Сеня послушно протянул ему пистолет, инструкцию и запасной комплект капсул. Афанасий Иванович, изучив текст описания, посмотрел на оставшиеся в коробке капсулы.
— Порядок. То, чем выстрелило, даже отмывать не придется. Оно само исчезает.
— Вот видите, — улыбнулся Сеня.
— А Гриппов, собственно, сам во всем виноват, — пришел ему на помощь Муму.
Завуч в это время с большим интересом разглядывал баскаковский пистолет. Глаза его заблестели.
— Хорошо забацали, — мечтательно произнес он. И с сожалением добавил: — В моем детстве таких пистолетиков не было.
Сжав рукоятку, Тарас Бульба сделал вид, будто прицеливается в дверь. Тут она резко распахнулась. Палец у завуча от неожиданности дернулся. То, что произошло мгновение спустя, напоминало кошмарный сон. Раздался уже знакомый восьмому «А» негромкий хлопок, немедленно сменившийся истошным женским криком. Затем в дверь влетела директриса экспериментальной авторской школы «Пирамида» Екатерина Дмитриевна Рогалева-Кривицкая. Впрочем, узнать её сейчас было практически невозможно. Лицо и волосы её окрасились в ярко-оранжевый цвет, а по строгого покроя костюму рассыпались в причудливом беспорядке кокетливые зеленоватые потеки.
— Смотри-ка, Сенька! — закричал кто-то. — А он у тебя каждый раз в разное красит!

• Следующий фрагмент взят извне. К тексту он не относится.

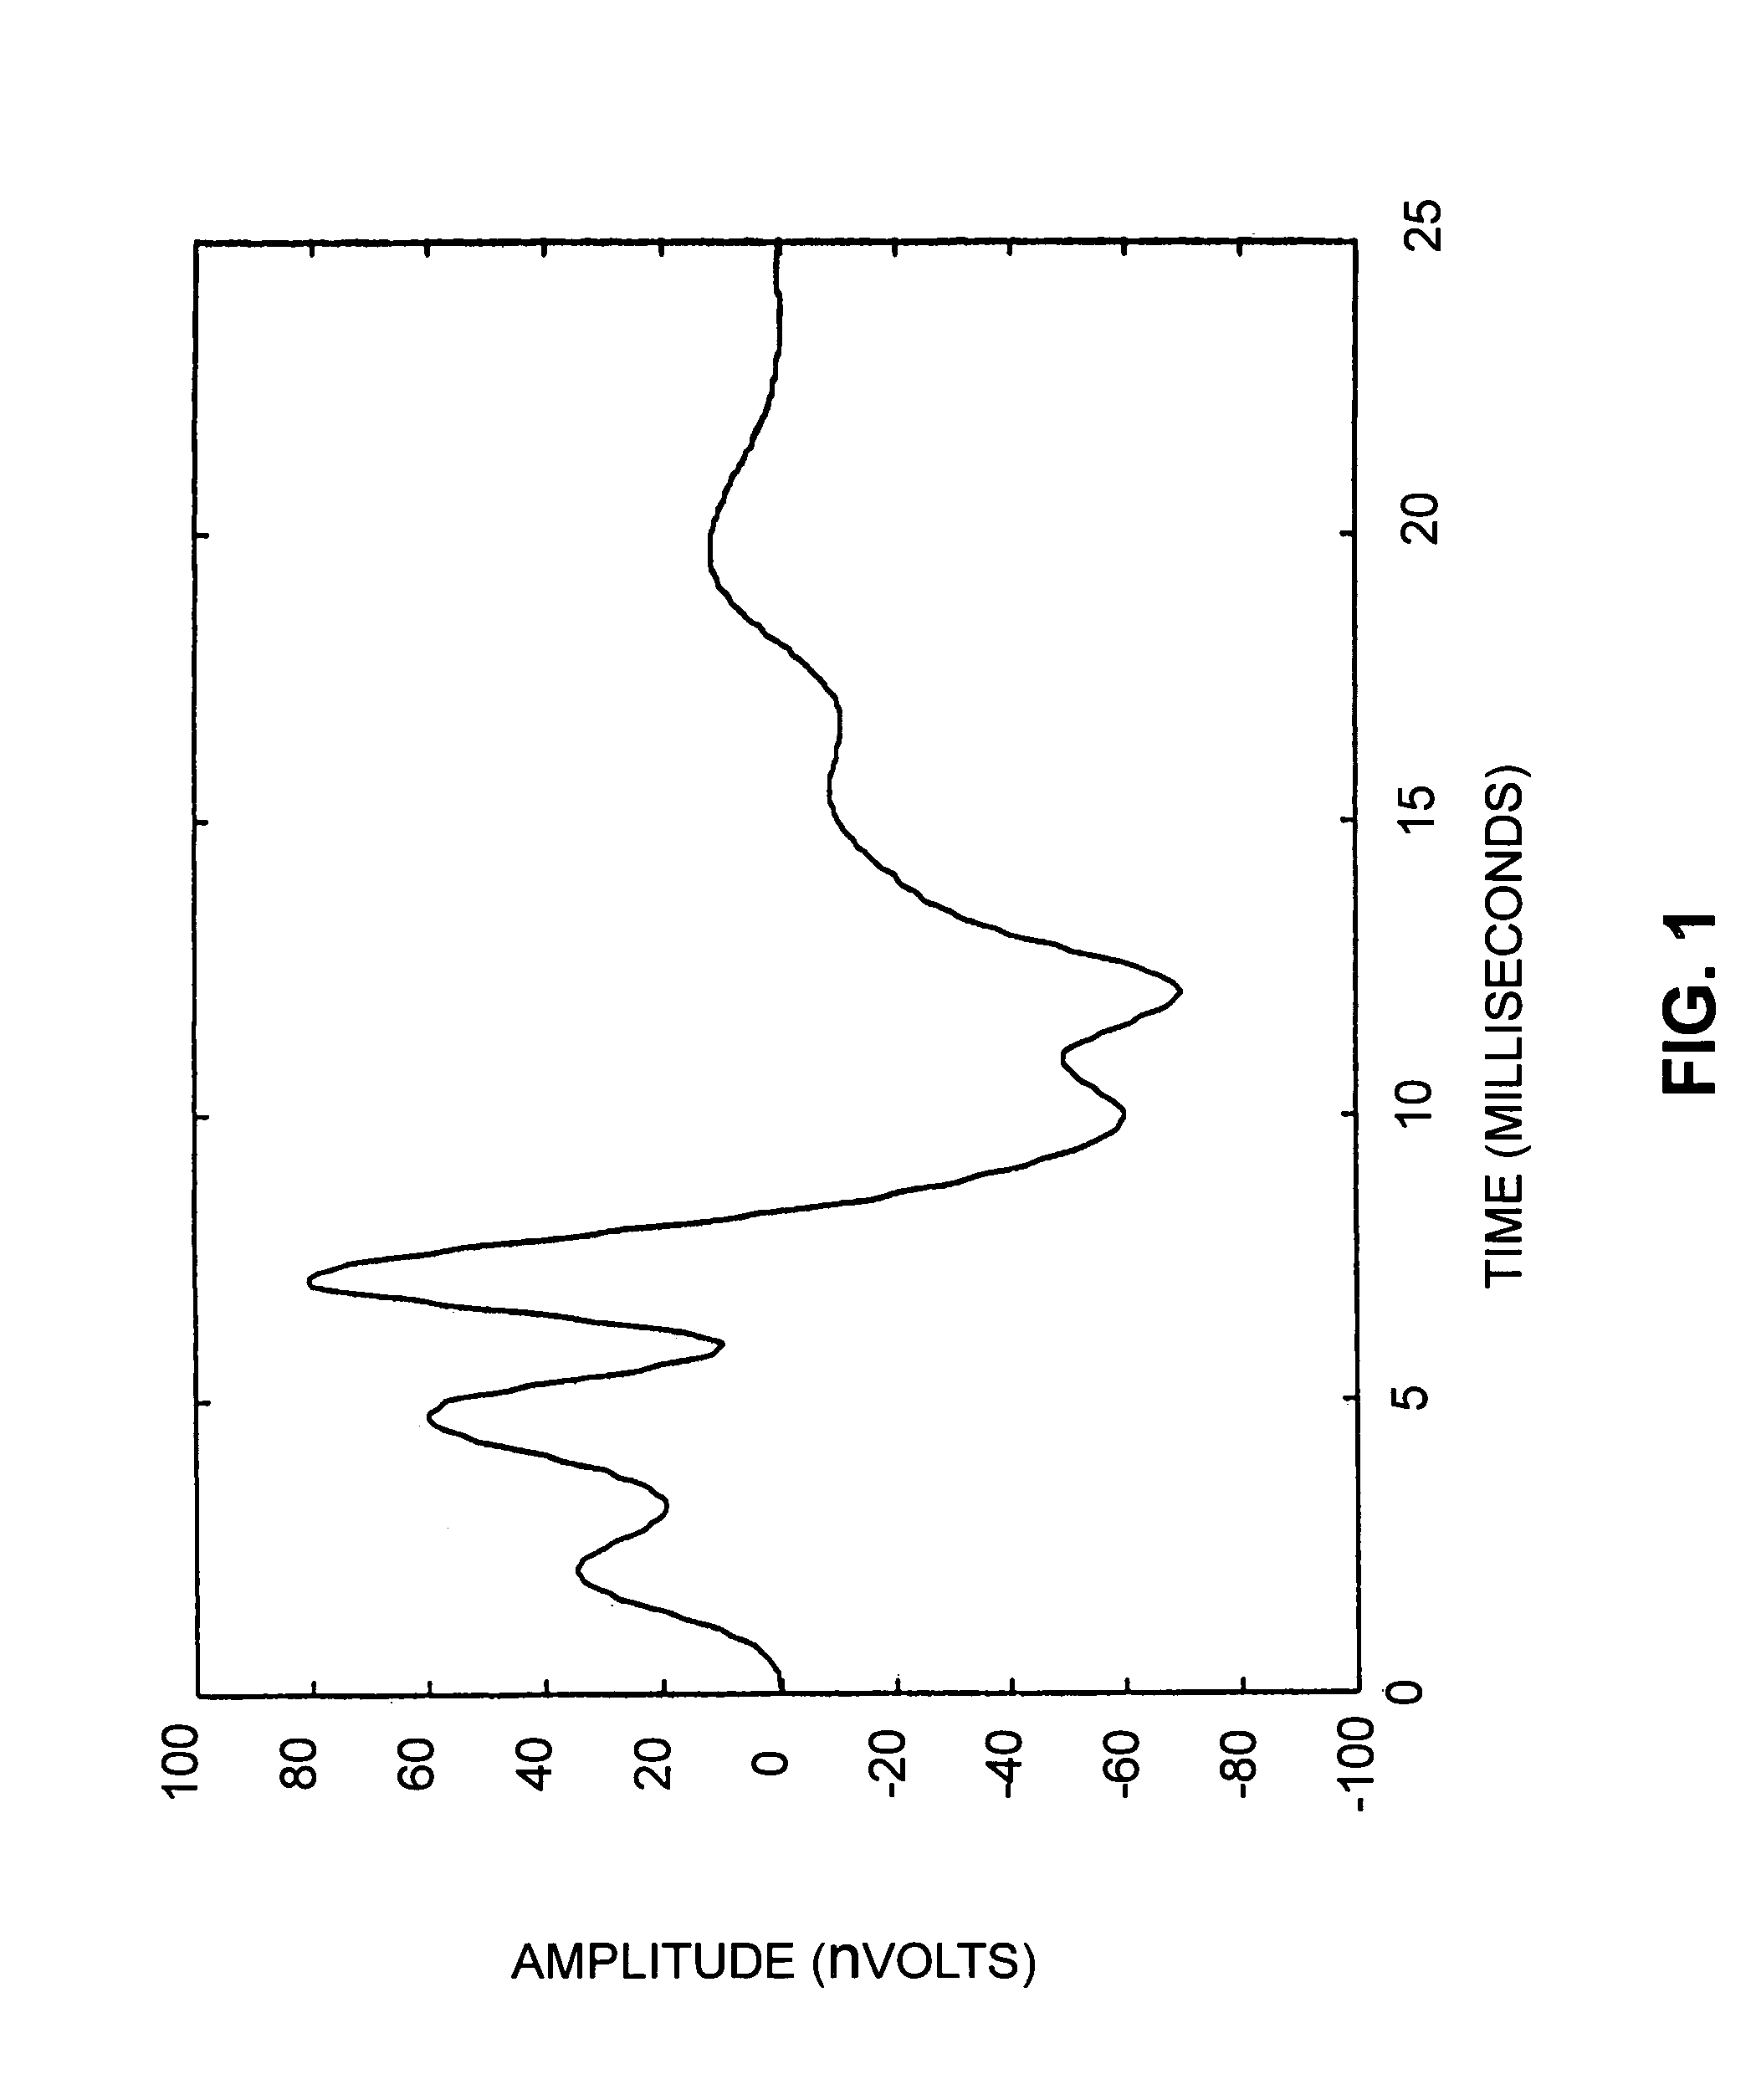 Hearing evaluation device with noise detection and evaluation capability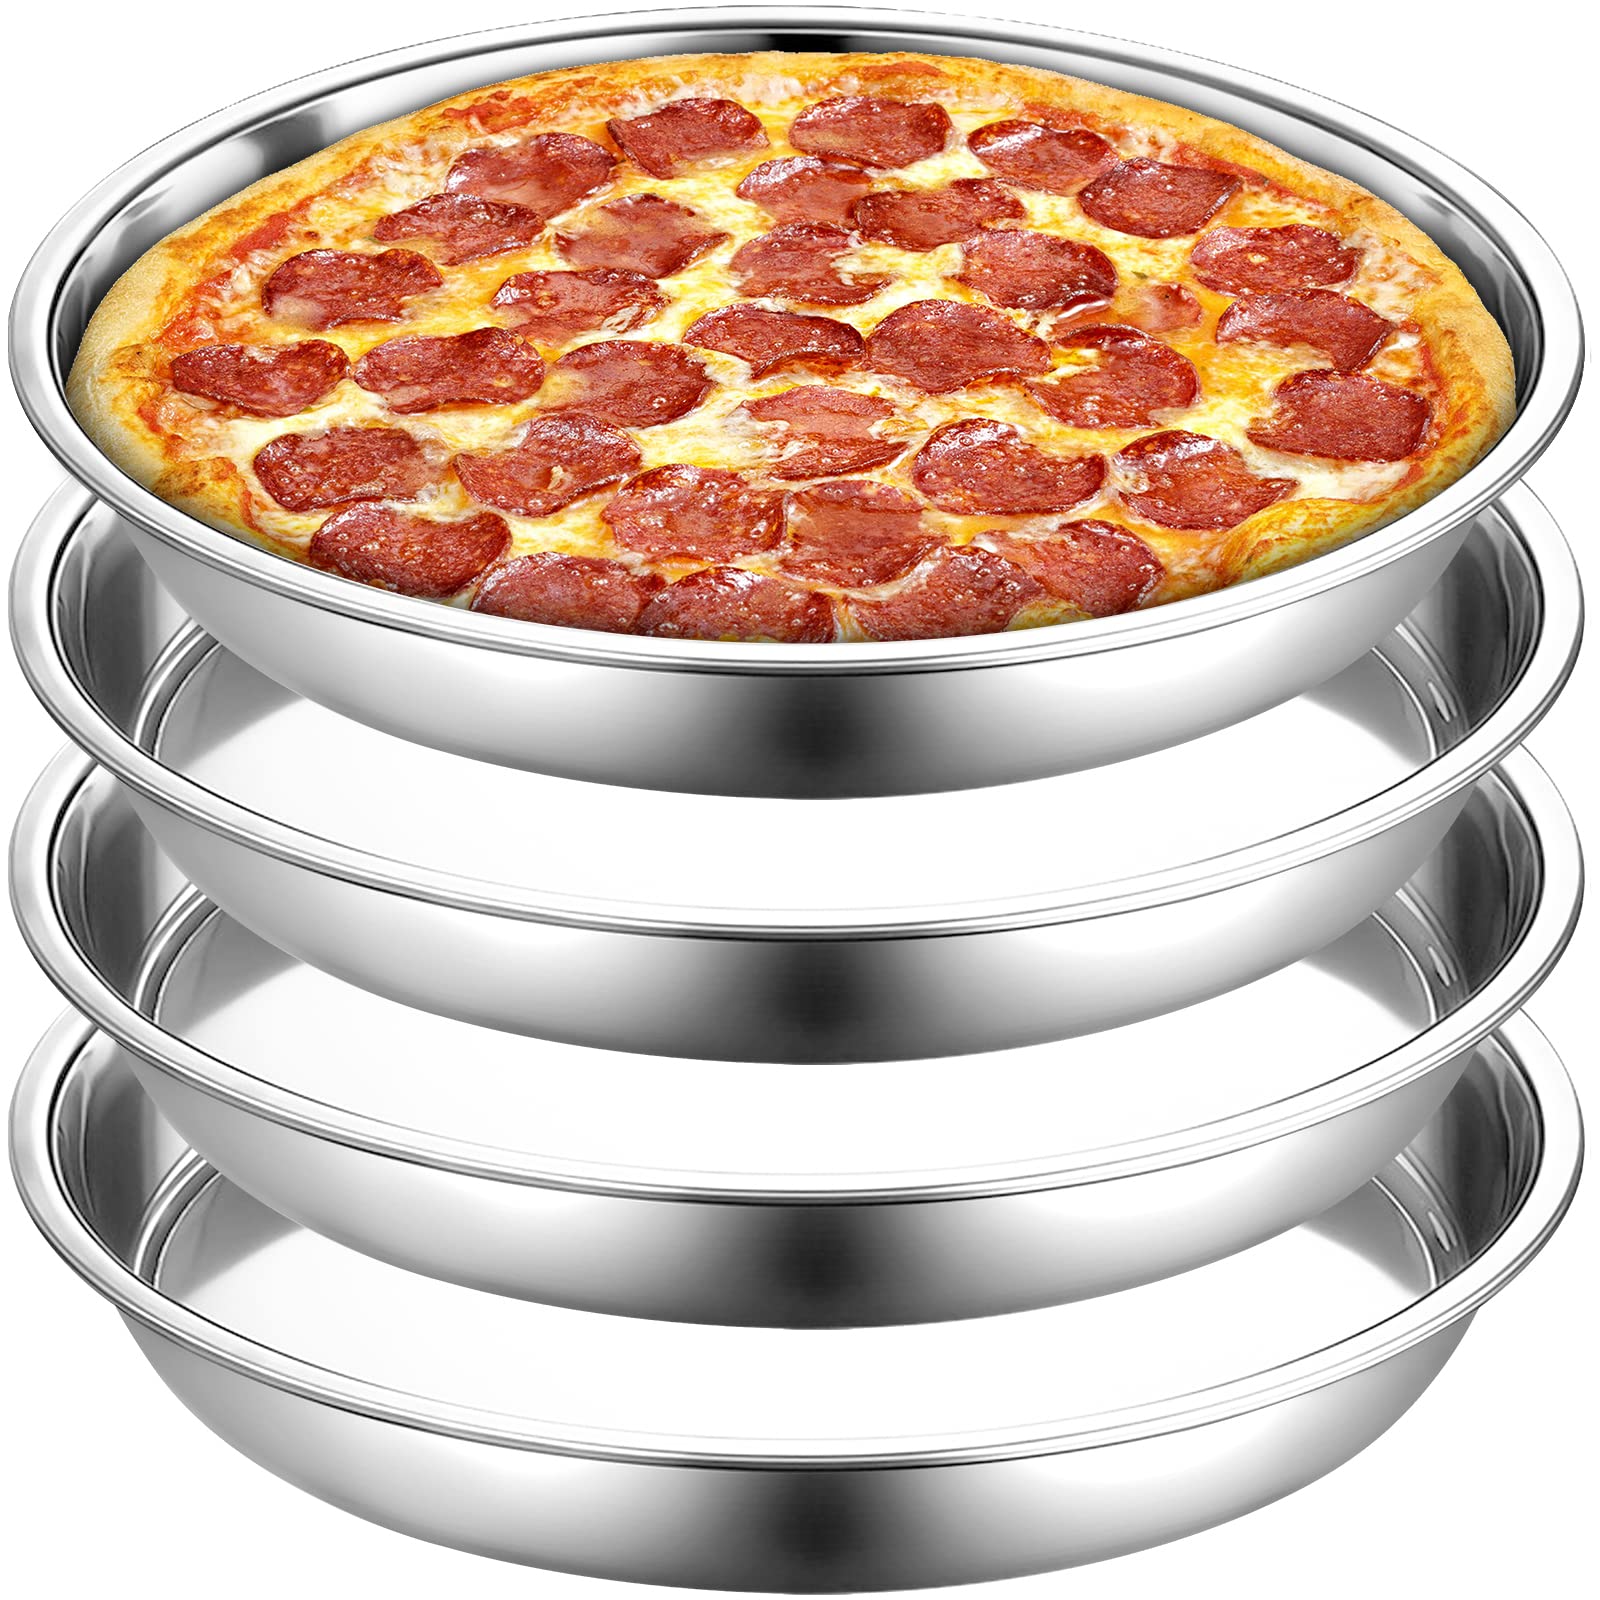 Elsjoy 4 Pack 13 Inch Stainless Steel Pizza Pan, Deep Round Baking Pan Large Pizza Baking Tray, Heavy-Duty Pizza Dish Non-Stick Baking Sheet for Oven, Dishwasher Safe

Сеня ничего не ответил. Он не мог оторвать взгляда от Тараса Бульбы. Тот оцепенел. Рука по-прежнему сжимала пистолет. Словно он собирался сделать ещё один выстрел.
Екатерина Дмитриевна схватилась за лицо. Затем уставилась на испачканные оранжевые руки и возопила:
— Что это? Кто это?
— В-вы не волнуйтесь! — Швырнув наконец пистолет на стол, грозный Майборода суетливо забегал вокруг директрисы. — Это не страшно, — хватая её за руки, продолжал он. — Через пять минут пройдет. Сам читал. В инструкции.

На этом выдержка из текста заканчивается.